# Why can't we multiply matrices entrywise? [duplicate]

Why can't we multiply corresponding elements like addition is done?

Is there a specific reason why it won't be significant?

By definition, we have to multiply a row by columns.

Why such a definition other than multiplying corresponding elements?

Please ignore my ignorance. I had nowhere to ask. :(

• Matrices represent linear maps; matrix multiplication corresponds to composition of linear maps. Dec 7, 2019 at 12:54
• The multiplication of matrices is defined in order to use matrices for a certain purpose. You definitely can multiply them componentwise. It will have a different use. You can also multiply them like this for yet another purpose. Dec 7, 2019 at 12:56
• Here they are using multiplication componentwise for something, for example. Don't ask me what, that looks like gross statistics. Dec 7, 2019 at 13:02
• Why not? We can.
– A.Γ.
Dec 7, 2019 at 13:04

The matrix multiplication is designed in such a way, that one can represent system of linear equations:

$$\left\{\begin{array}{rcl} a_{11} \cdot x_{1} + a_{12} \cdot x_{2} + \dots + a_{1n} \cdot x_{n} = b_{1} \\ a_{21} \cdot x_{1} + a_{22} \cdot x_{2} + \dots + a_{2n} \cdot x_{n} = b_{2} \\ \dots \\ a_{m1} \cdot x_{1} + a_{m2} \cdot x_{2} + \dots + a_{mn} \cdot x_{n} = b_{m} \end{array}\right.$$

as $$A \cdot x = b$$, which seems to be quite a natural representation.

You can do such element-wise multiplication of matrices, but it obviously represents a different kind operation. The 'standard' way of multiplying matrices has important applications in linear algebra and, as such, in many areas of science and engineering. The element-wise multiplication has other (typically less used) practical applications.

You can multiply matrices that way, but it turns out to not be as useful in as many cases. Matrix multiplication the way you're taught turns out to be the most useful multiplication-like operation you can do on matrices, so it's the one that just gets the name "product". The other ways you can multiply matrices are not as commonly used, so they get other names, like elementwise (or Hadamard) product, and Kronecker product.

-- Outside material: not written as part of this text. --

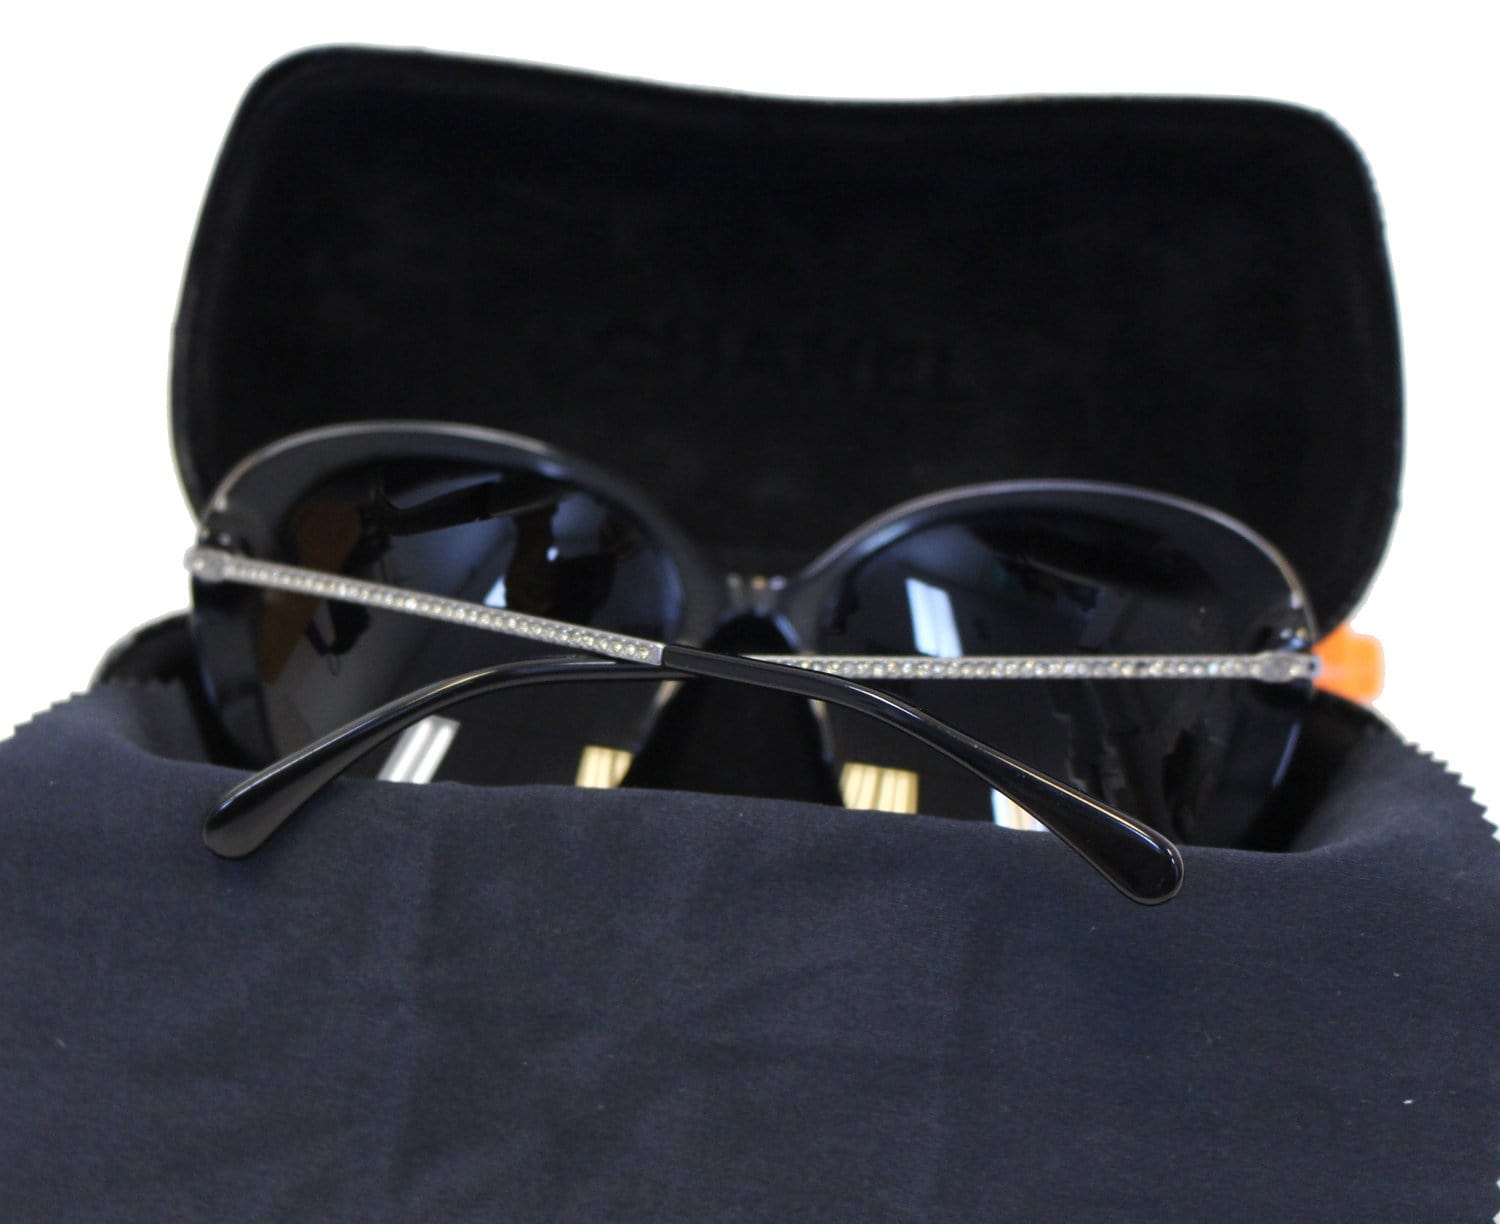 Chanel Sunglasses New Authentic 5484 c 760/S8 Black Gray Square

This is a result of what matrices are. There are different interpretations that apply, but here is the one I most often think of:

A matrix is a description of a linear map. It describes this linear map by listing which column vectors the basis vectors are mapped to (the first basis vector is mapped to the first column of the matrix, the second basis vector is mapped to the second column, and so on). And the one multiplication-like operation you can do with linear maps is to compose them, i.e. doing one after the other.

So, if you have two matrices $$A, B$$, each representing a linear map, then the matrix that represents the composition of the two would deserve the name "the product of $$A$$ and $$B$$". And if you work through the geometry and the algebra, the standard matrix product is what falls out.

What do you mean by normal way?

If you mean dot product of Matrics, then yes,

$$[A_{ij}] \times [B_{ij}] = [A_{ij}\times B_{ij}]$$

But, there are different types of multiplications for matrices, they have some different purposes for each kind of multiplication.

I think other answers have already pointed out the essential.

I would like to give a more philosophical answer to the more general question: how do we give definitions in mathematics?

You can give any definition in mathematics. You just state "I will call Goofy a thing such that A, B and C". There is no problem. Any definition is totally legit.

The problem is: not all definitions are meaningful or useful. A definition is useful if it gives nice and interesting theorems. Indeed in mathematics usually definitions came after theorems were proved. Theorems suggest good definitions and definitions are given according to theorems.

An example to make it clear: how to choose the "correct" definition of prime number from the following:

1) a prime number is a positive integer divisible only by 1 and itself;

2) a prime number is a positive integer with exactly 2 divisors.

The only difference le wheter 1 is prime or not. If you choose 1 to be prime, then the Fundamental Theorem of Arithmetic (the decomposition in prime numbers is unique) fails.

Thus definition 2 is the correct one.